Dans la nuit noire.

Ecrit par Rre Byzza

Mactar baignait dans ce monde irréel où Penda l'avait basculé, il ne comprenait pas, il ne comprenait rien de ce qui lui arrivait. Tout son esprit se tournait vers Astou, son état avancé de grossesse. Toute cette histoire va la retourner, mais il avait confiance en elle, il savait que Astou saurait, qu'elle sentirait qu'il était innocent. Il était innocent, toute cette histoire n'était que résultat de l'esprit malade de Penda. 

"Mon mari", il se remémora ce qualificatif qu'elle lui servait tout le temps et les conversations rythmées devant la famille, quand elle rivalisait avec Astou en prétendant qu'elle fait meilleure épouse qu'elle, ces pseudos luttes qu'elle faisait avec sa soeur pour s'asseoir plus près de lui ou à défaut sur ses genoux. Mactar ne lésinait sur aucun moyen pour contenter Penda, son argent de poche mensuel, ses besoins contextuels, les cadeaux permanents. Pour lui sa relation avec sa belle famille devait toujours être au beau fixe, il se dévouait son amour pour sa femme à travers tous les membres de sa famille.. 

Serait-il fautif en fin de compte? Toutes ces largesses pour Penda auraient- elles pu lui tourner la tête et la faire s'imaginer des choses qui n'étaient point? Rien n'était à laisser de côté pour expliquer ce qui est arrivé aujourd'hui. 

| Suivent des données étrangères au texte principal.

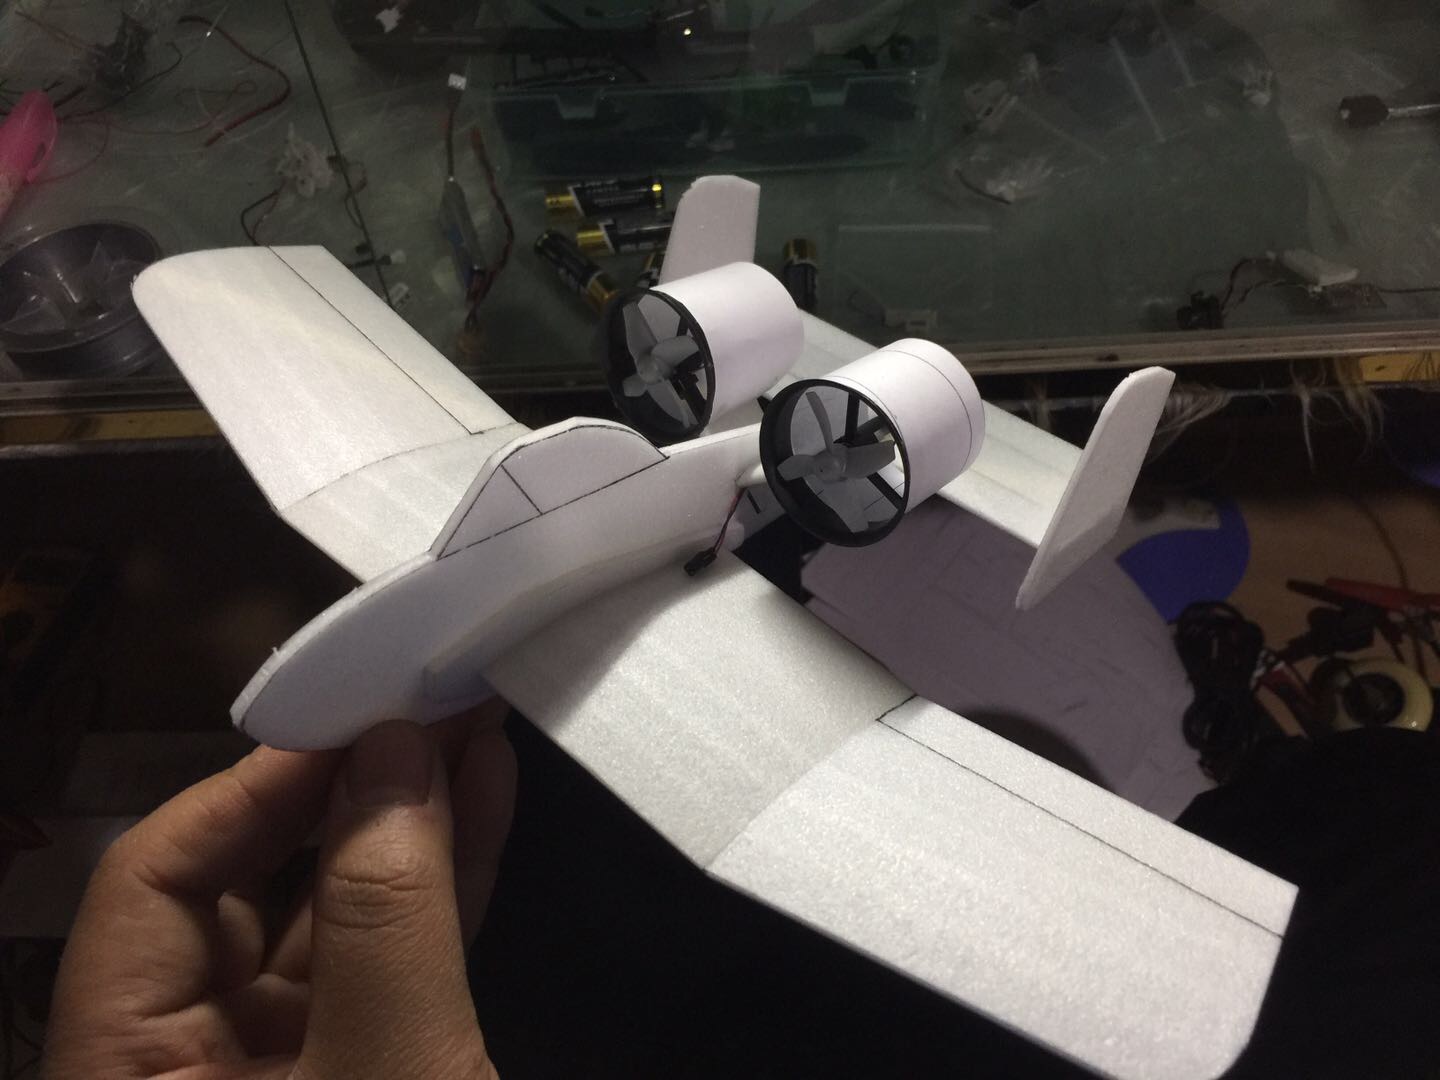 冷落了的小飞机 小飞机纸飞机,小飞机怎么叠,飞机小制作,回旋小飞机,小飞机配件 作者:空小白 2618 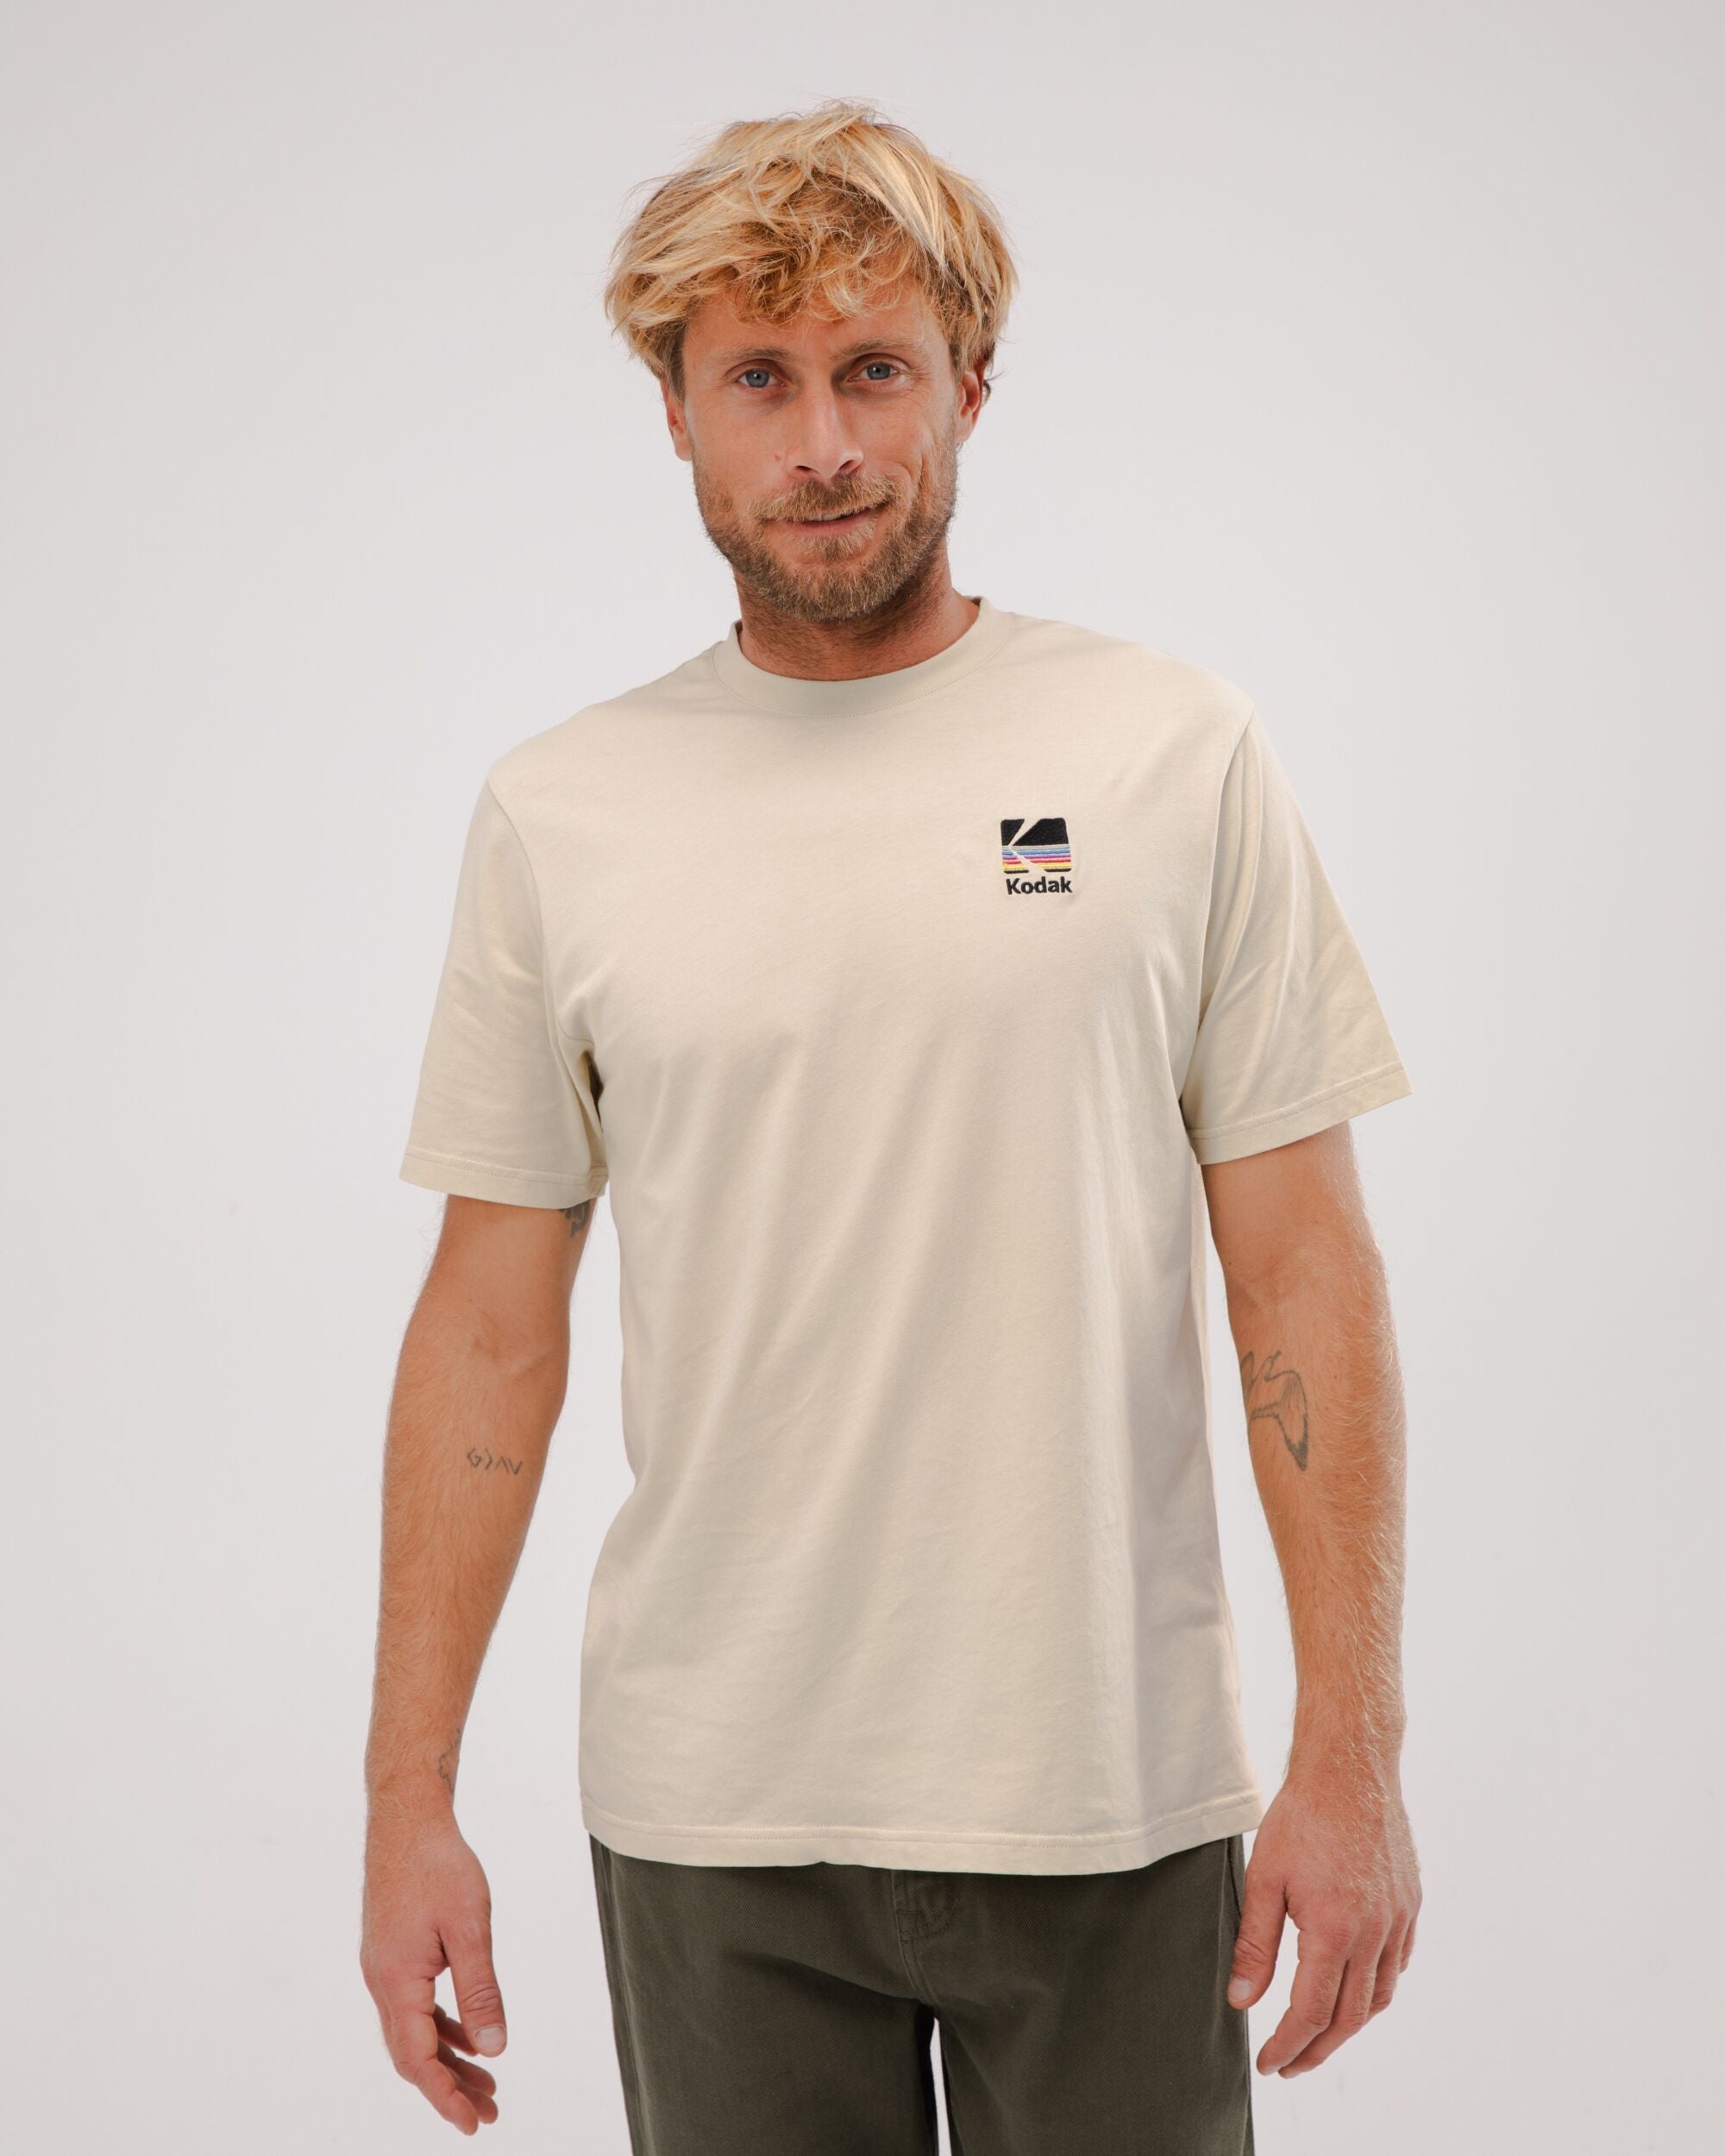 Kodak T-shirt Sand aus Bio Baumwolle von Brava Fabrics

Son corps endolori se rappela à lui, il était en piteux état. Les yeux boursouflés, le corps griffé de toute part, la douleur se répandait telle une ondée rémanente sur tout son corps. Torse nu, son corps noir coloré par les gouttelettes de sang qui avaient coagulé, pantalon en loques il ressemblait plus à un vulgaire voleur qui avait été pris à partie par la population.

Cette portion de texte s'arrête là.